Certain Information Concerning Participants
United Rentals, Inc. ("United Rentals"), UR Acquisition Corporation
("UR Acquisition") and the following persons named below may be deemed to
be "participants" in the solicitation of consents and/or proxies from
stockholders of Rental Service Corporation ("Rental Service"): the
directors of United Rentals (Bradley Jacobs (Chairman of the Board and
Chief Executive Officer), Wayland Hicks (Vice Chairman and Chief Operating
Officer), John Milne (Vice Chairman, Chief Acquisition Officer and
Secretary), William Berry (President), John McKinney (Vice President,
Finance), Leon Black, Richard Colburn, Ronald DeFeo, Michael Gross, Richard
Heckmann, Gerald Tsai, Jr. and Christian Weyer); the following executive
officers and employees of United Rentals: Michael Nolan (Chief Financial
Officer) and Robert Miner (Vice President, Strategic Planning); and the
nominees of United Rentals (the "Nominees") to stand for election to the
Board of Directors of Rental Service (Messrs. Richard Daniel, Raymond
Troubh, William Aaron, David Bronner, Peter Gold, David Katz, Elliot Levine
and Jeffrey Parker and Ms. Stephanie Joseph).
As of the date hereof, United Rentals is the beneficial owner of
100 shares of common stock, par value $0.01 per share (the "Common Stock"),
of Rental Service. Other than set forth herein, as of the date hereof,
neither United Rentals, UR Acquisition nor any of the persons listed above,
has any interest, direct or indirect, by security holding or otherwise, in
Rental Service.
United Rentals has retained Goldman, Sachs & Co. ("Goldman Sachs")

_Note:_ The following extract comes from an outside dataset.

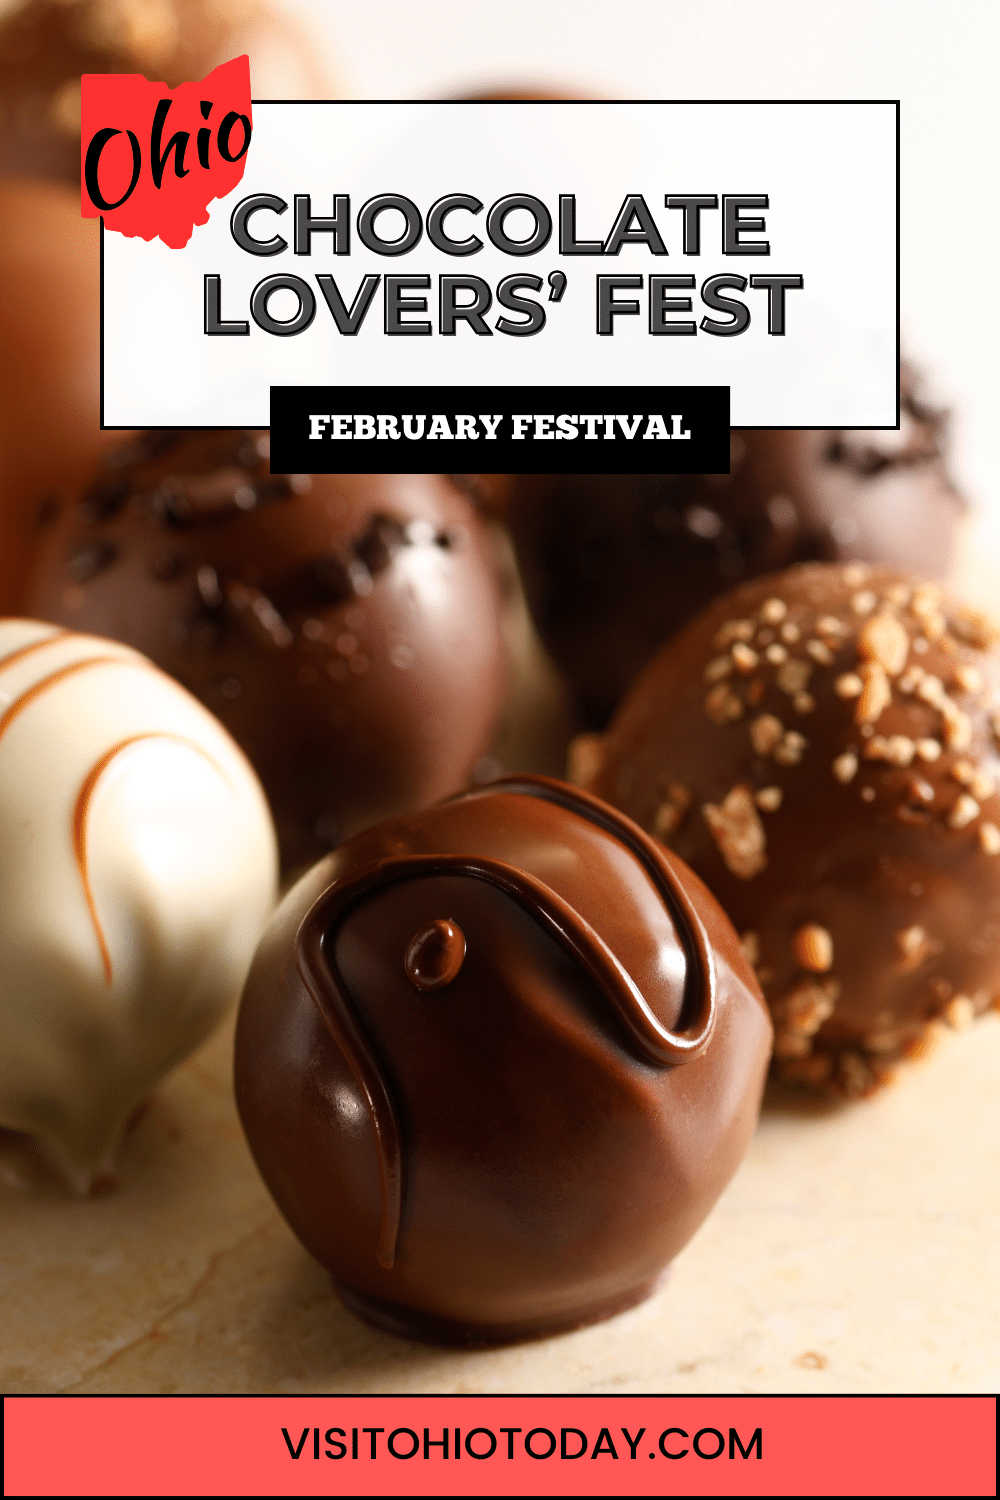 Chocolate Lovers’ Fest is an annual homemade chocolate festival that takes place in Genoa in mid-February.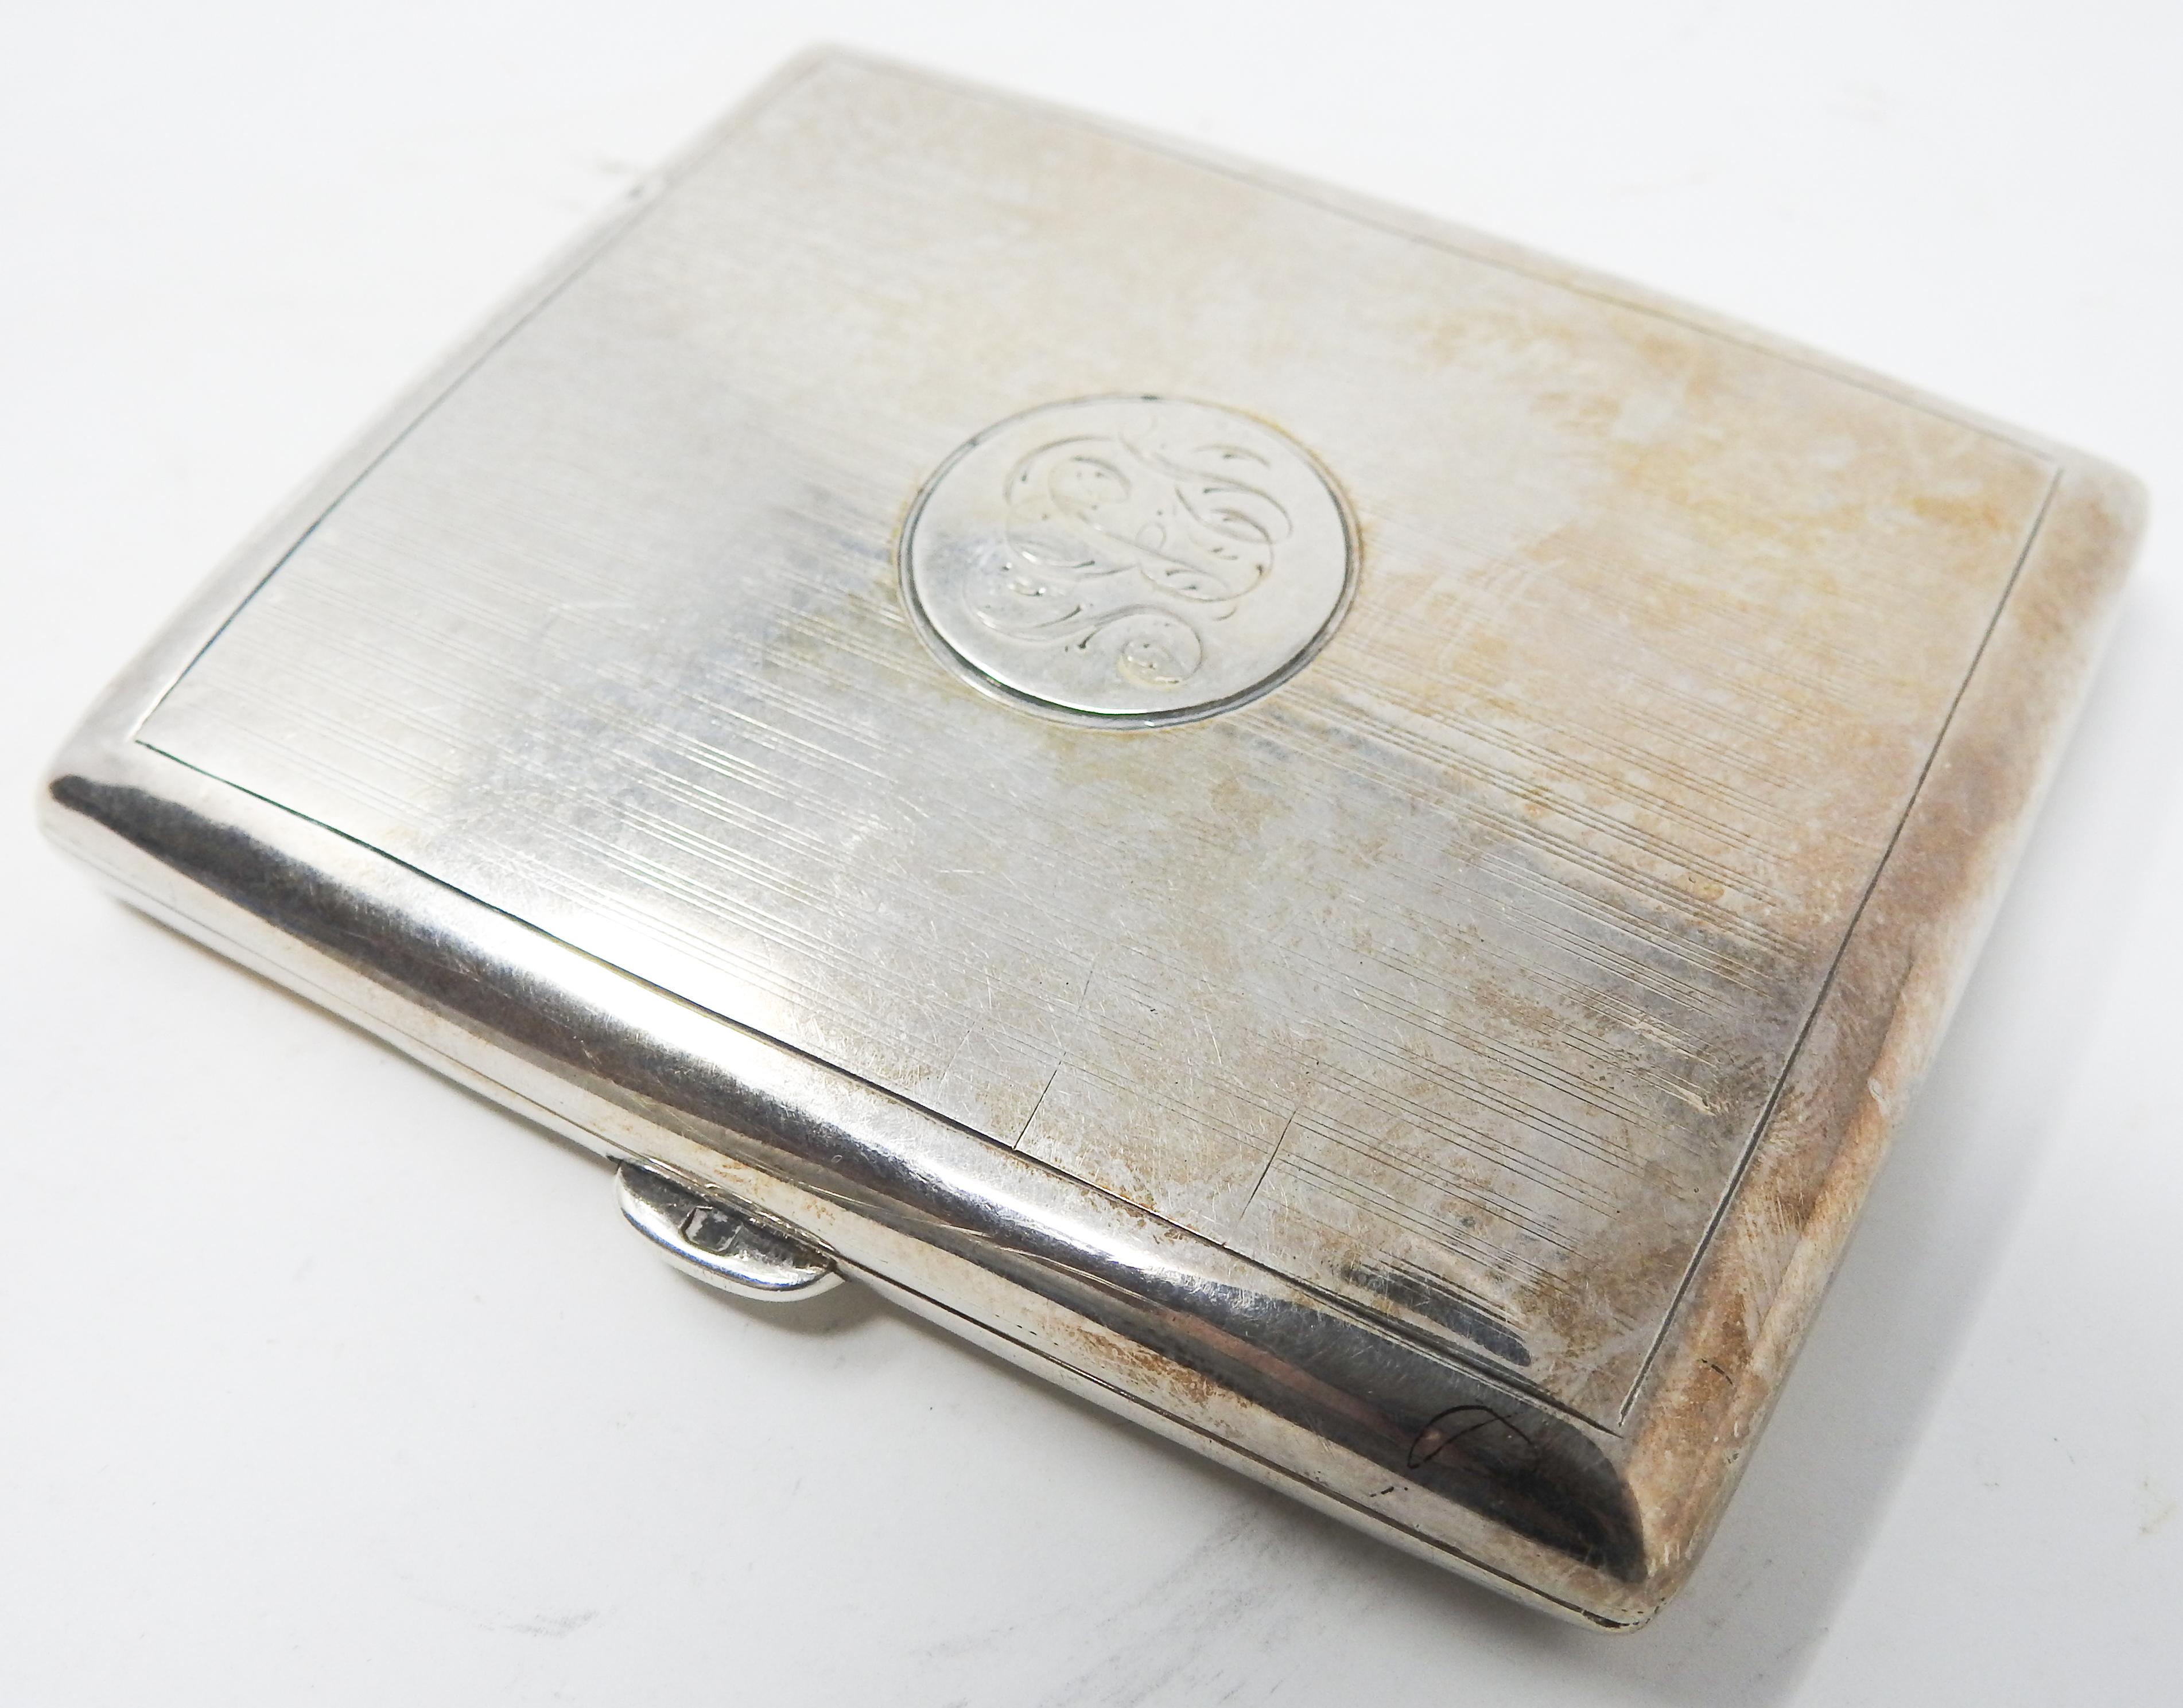 Offering this gorgeous sterling silver cigarette case. The outside of the case is simple with lines and geometric patterns and the initials LBS. The latch is a push button mechanism. When opened the inside is a matte finish. The inside is also

to act as its financial advisor and the Dealer Managers in connection with
the tender offer (the "Offer") by United Rentals and UR Acquisition to
purchase the shares of Common Stock of Rental Service for $22.75 per share
in cash, for which Goldman Sachs may receive substantial fees, as well as
reimbursement of reasonable out-of-pocket expenses. In addition, United
Rentals has agreed to indemnify Goldman Sachs and certain related persons
against certain liabilities, including certain liabilities under the
federal securities laws, arising out of its engagement. United Rentals has
also entered into a commitment letter with Goldman Sachs Credit Partners
L.P. ("GSCP") relating to the financing of the Offer pursuant to which GSCP
may receive substantial fees, as well as reimbursement of reasonable
out-of-pocket expenses. Goldman Sachs does not admit that it or any of its
partners, directors, officers, employees, affiliates or controlling
persons, if any, is a "participant" as defined in Schedule 14A promulgated
under the Securities Exchange Act of 1934, as amended, in the solicitation
of consents and/or proxies, or that Schedule 14A requires the disclosure of
certain information concerning Goldman Sachs. In connection with Goldman
Sachs' role as financial advisor to United Rentals, the following
investment banking employees of Goldman Sachs may communicate in person, by
telephone or otherwise with a limited number of institutions, brokers or
other persons who are stockholders of Rental Service and may solicit
consents and/or proxies from these institutions, brokers or other persons:
Bruce Evans, Robert Lipman, Jeffrey Moslow and Cody Smith. Goldman Sachs
engages in a full range of investment banking, securities trading,
market-making and brokerage services for institutional and individual
clients. In the normal course of its business Goldman Sachs may trade
securities of Rental Service for its own account and the accounts of its
customers, and accordingly, may at any time hold a long or short position
in such securities. Goldman Sachs has informed United Rentals that, as of
the date hereof, Goldman Sachs holds no shares of the Common Stock of
Rental Service for its own account. Goldman Sachs and certain of its
affiliates may have voting and dispositive power with respect to certain
shares of Rental Service Common Stock held in asset management, brokerage
and other accounts. Goldman Sachs and such affiliates disclaim beneficial
ownership of such shares of Rental Service Common Stock.